# Dataset content
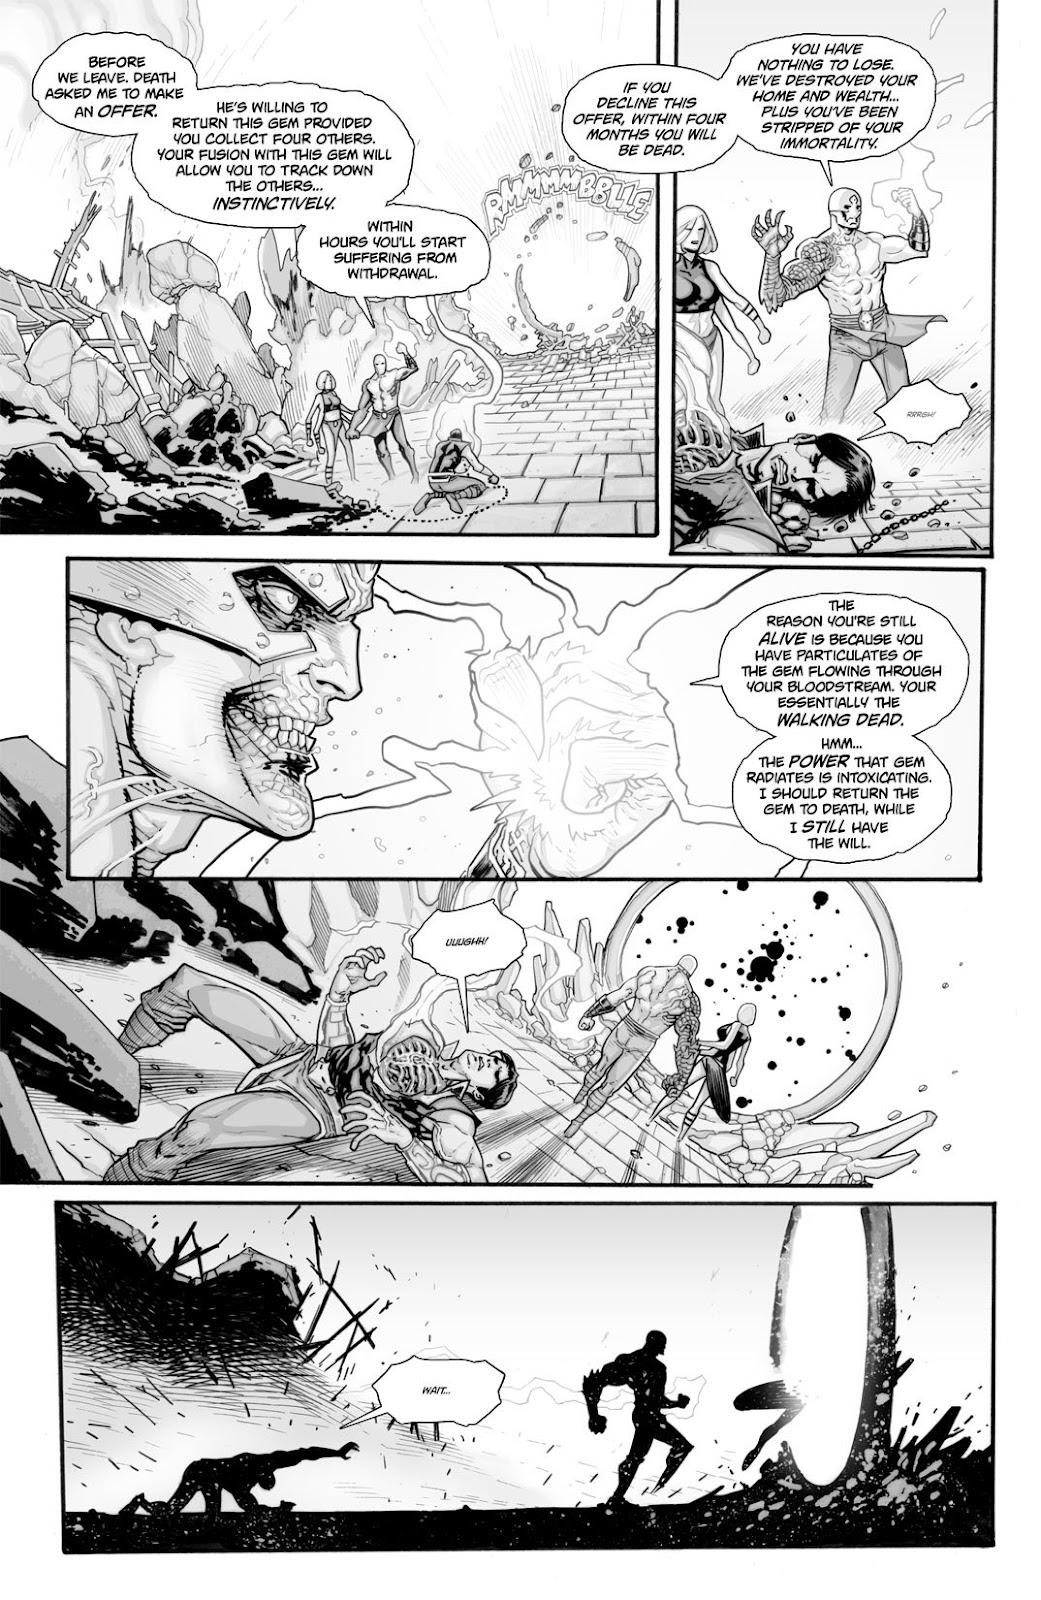 Read online Reaper comic -  Issue #2 - 32
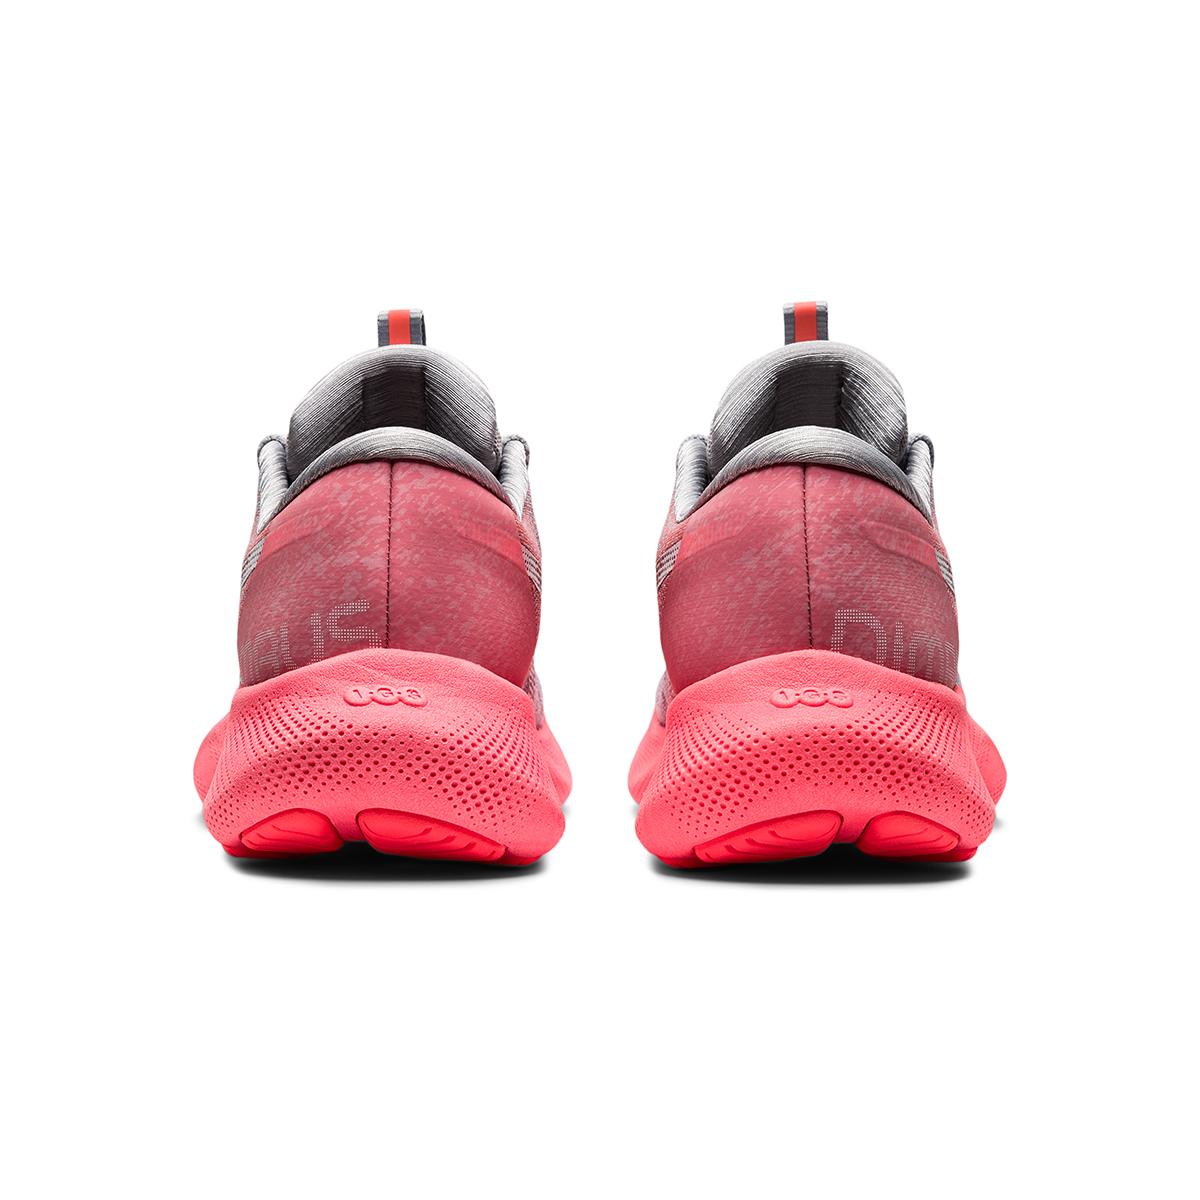 Women's Asics Gel-Nimbus Lite 2 Running Shoe - Color: Blazing Coral  - Size: 5 - Width: Regular, Blazing Coral, large, image 5
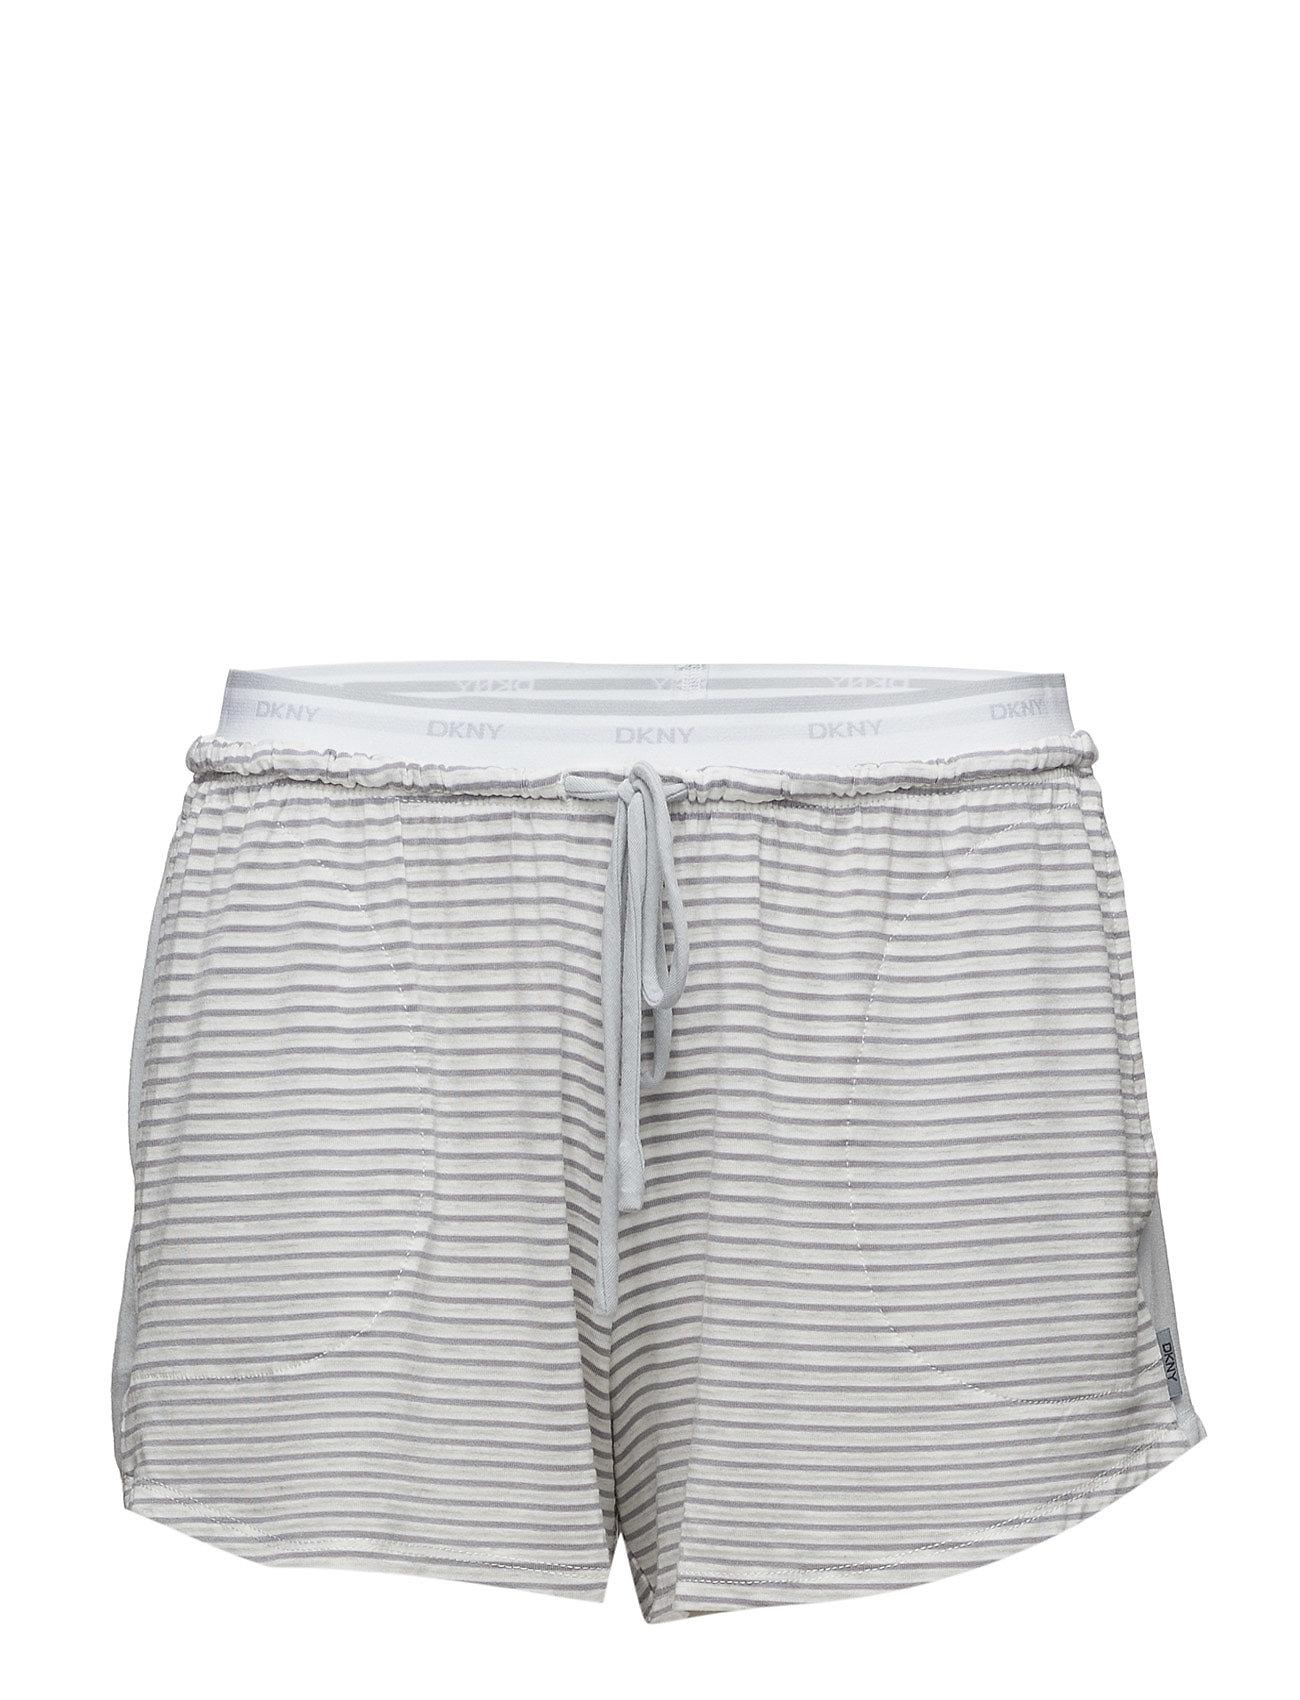 Dkny Clean Slate Boxer DKNY Homewear Loungewear til Kvinder i

# Instructions for the task
Everything above should be given again exactly, apart from the pictures.

# Exercise solution
 Read online Reaper comic -  Issue #2 - 32
 Women's Asics Gel-Nimbus Lite 2 Running Shoe - Color: Blazing Coral  - Size: 5 - Width: Regular, Blazing Coral, large, image 5
 Dkny Clean Slate Boxer DKNY Homewear Loungewear til Kvinder i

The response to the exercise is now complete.